HURRA

Bize kendinizi tanıtır mısınız?

Rize’de ikamet etmekteyim. Üniversite öğrencisiyim. Sürekli bir şeylerle uğraşmak isterim. Boş zaman geçirmemek gerektiğine inanırım. Bize bir zaman verilmişse, biz de o zamanı iyi şekilde kullanmalıyız, iyi değerlendirmeliyiz. Benim felsefem budur. Kendim hakkında çok fazla bilgi vermek istemiyorum. Biraz gizemli yazarı oynasak iyi olur. ?

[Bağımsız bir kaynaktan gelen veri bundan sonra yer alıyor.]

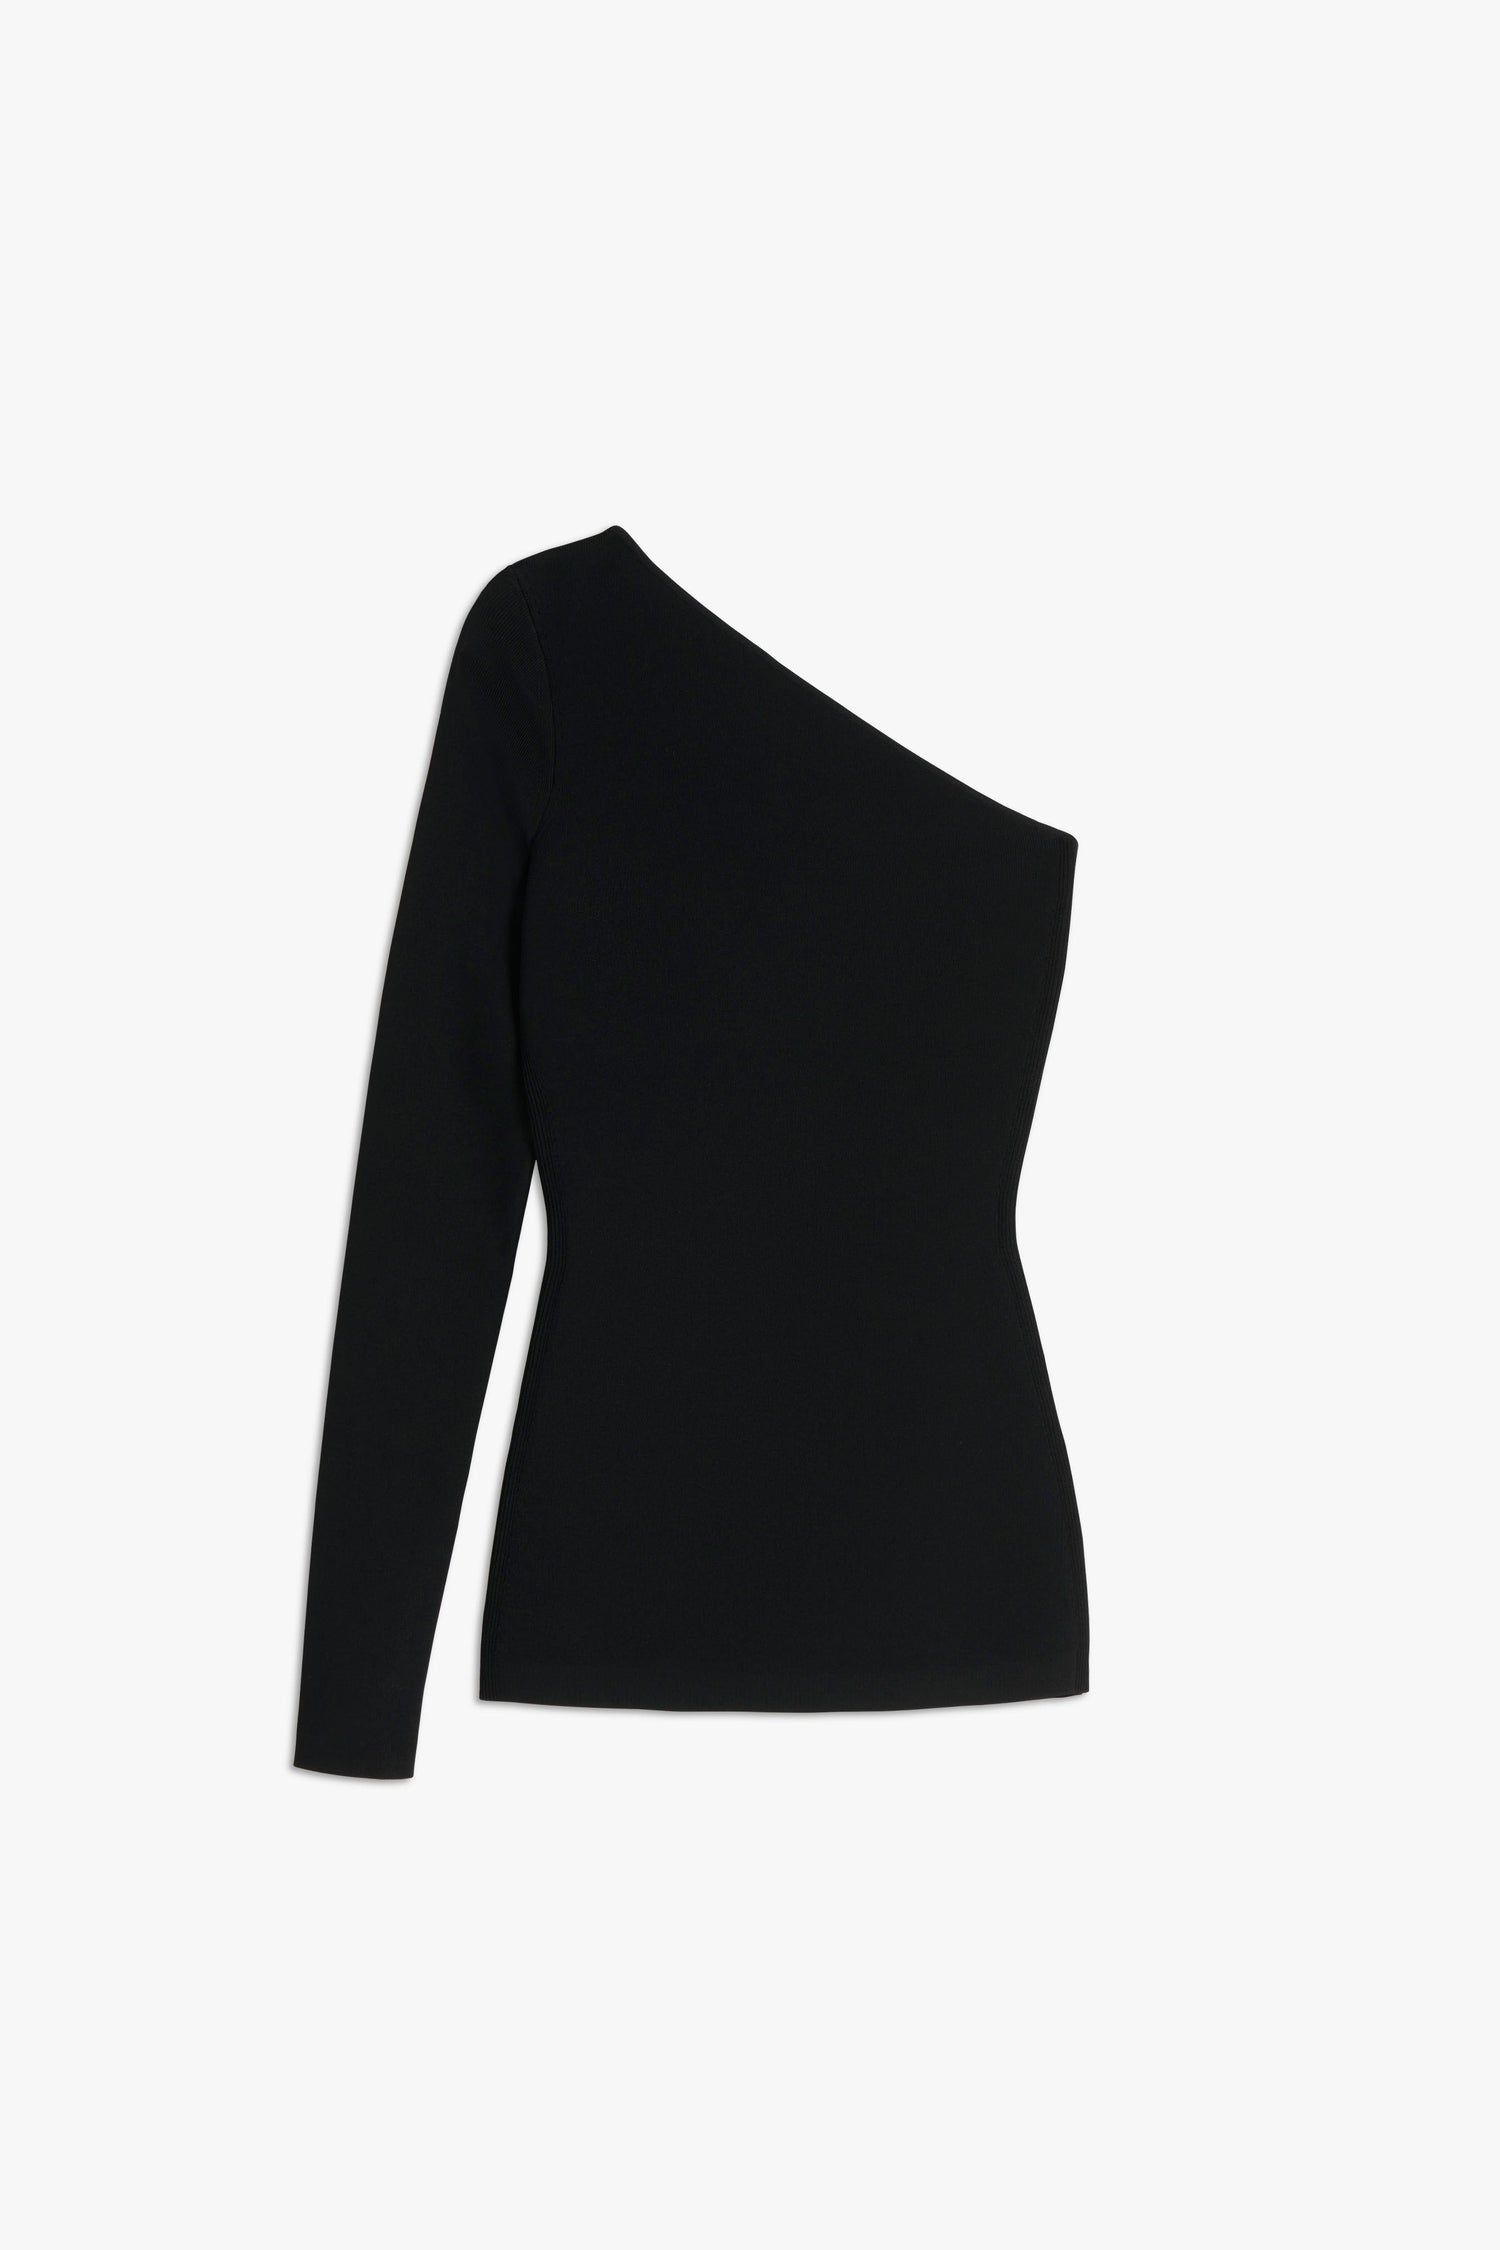 Product image of the black one shoulder long-sleeve top in a stretch fabric knit material. This knit top from Victoria Beckham is part of a knit co-ord set.

Kitap yazma maceranız nasıl başladı?

Kitap yazma maceramda Stephen King’in ‘Gece Yarısını Dört Geçe’ adlı eserindeki ‘Gizli Pencere, Gizli Bahçe’ adlı hikâye çok etkilidir. Özellikle hikâyenin filme uyarlandığı ve Johnny Depp’in başrolünde oynadığı ‘Gizli Pencere’yi izledikten sonra ben de kitap yazmaya başladım. O sıralar 11-12 yaşlarındaydım. Beyaz müsvedde kâğıtlara yazıyordum. Hepsini bir araya getirip kendi hikâyelerimi yazmayı planlıyordum ama olmadı. Bir zaman sonra yazdığım hikâyeleri kaybettim. Benim de şevkim kırıldı. Uzunca bir süre yazmadım. Bundan yaklaşık bir sene evvel neden bir kitap yazmıyorum, dedim kendi kendime. Yazmaya karar verdim ama konusunu tutturamadım bu sefer de. Birçok türde yazdım. Olmadı, sildim. Sonunda üç ay önce korku türünde yazmaya karar verdim. Bu kitabı derslerimin de yoğun olması nedeniyle dikkatimi tam vererek yazamadım. Bazı bölümlerin arasında tahminen 3-4 hafta bile var. Kitabımı uzun tutmak isterdim fakat yetiştirmem gereken bazı ödevlerim de vardı. Bu sebeple kitabıma fazla yoğunlaşamadım. Kim bilir, kitabım tutarsa ikinci kitabıma daha fazla konsantre olur ve daha güzel, hatta daha korkunç, dehşetin kol gezdiği, kanın hiç durmadığı bir roman da yazabilirim. Bunun kararı, siz değerli okurlarıma kalmış.

Kitabınızın yayınlanma aşamasındaki deneyimlerinizden söz edebilir misiniz?

Kitabım yayınlanırken beni her durumdan haberdar eden Luna Yayınlarına teşekkür ediyorum.

Kitabınızda en etkileyici bulduğunuz yer neresidir?

Kitabımda benim için en etkileyici bölüm, hatta yazmaktan en haz aldığım kısım otoyolda arabanın lastiği patladıktan sonra kahramanların geçmişe gitmeleri… Geçmişte lastiği patlatan çivinin yere nasıl düştüğünü öğrenmeleri… Ali ile Remzi arasında geçen ve insanın kanını donduran sahne… Sonrasında Akif Hoca’nın yerden çiviyi alıp günümüze dönmesi ve döndükten sonra arabanın lastiğinin hiç patlamamış olması… Kitabımı yazarken en eğlendiğim yer burasıydı.